At the time, Sinn Féin leader Mary Lou McDonald said she was open to the idea but over the summer teased the idea of running herself.  In the end, Sinn Féin came on board five weeks to polling day after promising a “game-changing” decision. 

Eyes were rolled at the latter pronouncement but it was clearly a significant moment in the campaign. It added to the momentum the Connolly campaign was already building and super-charged Connolly’s social media reach

More fundamentally, the three parties along with the Greens and People Before Profit all sung from the same hymn sheet throughout the campaign presented a cohesive choice for the people. 

Even when contentious histories around Paul Murphy and former Labour leader Joan Burton were raised during the course of the campaign there were no distractions from the message. 

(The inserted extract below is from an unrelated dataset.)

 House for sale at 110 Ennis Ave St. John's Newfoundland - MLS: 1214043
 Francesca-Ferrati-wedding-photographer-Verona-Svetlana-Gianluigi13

Yes, there were some dissenting voices from the likes of Labour’s Alan Kelly and some former Green Party TDs, but they were almost viewed as being voices from the past rather than the present or future.  

Smear the bejaysus 

Since he was a candidate himself, Ivan Yates has never been as central to an election campaign as this one

The former Fine Gael minister-turned-bookmaker-turned-pundit made headlines when he told Newstalk’s Calling It podcast that Fine Gael’s only chance to catch Connolly was to “smear the bejaysus” out of her

His comments did seem to go beyond his usual commentary and were seized on by the Connolly side, both elected politicians on her and supporters online.

Yates defended himself and seemed annoyed that Connolly’s side was suggesting that he was somehow advising his former colleagues. 

The reason the comments were so devastating though was because Fine Gael had already ramped up the negative campaigning when he made them and their efforts were somewhat neutered thereafter.

Connolly genuinely did build a movement

Eyes generally roll when a candidate refers to their political campaign as a movement.

In this case, the moniker is justified as Connolly managed to build a diverse coalition that extended beyond the combined support of the parties supporting her. 

Connolly’s command of the Irish language, which she emphasised was learned in adulthood, allowed her to connect to not only Irish speakers but also to the growing number of young people with a grá for the language. 

It also allowed her to connect to Irish culture more generally.  

PastedImage-26060 Christy Moore at the Ceol for Connolly event in Dublin last week. Instagram Instagram

Connolly’s campaign literally packed out Vicar Street as musicians like The Mary Wallopers and Christy Moore came out to support her. This is not normal for Irish politics and it may prove to be a once off but it worked here. 

On social media, Connolly’s backers were just so much more visible than what Humphreys could muster up. And this extended to real-life canvasses and ultimately translated to voters in polling stations.

The question for those who have joined the campaign is what next, where does that energy go and can the parties of the left benefit?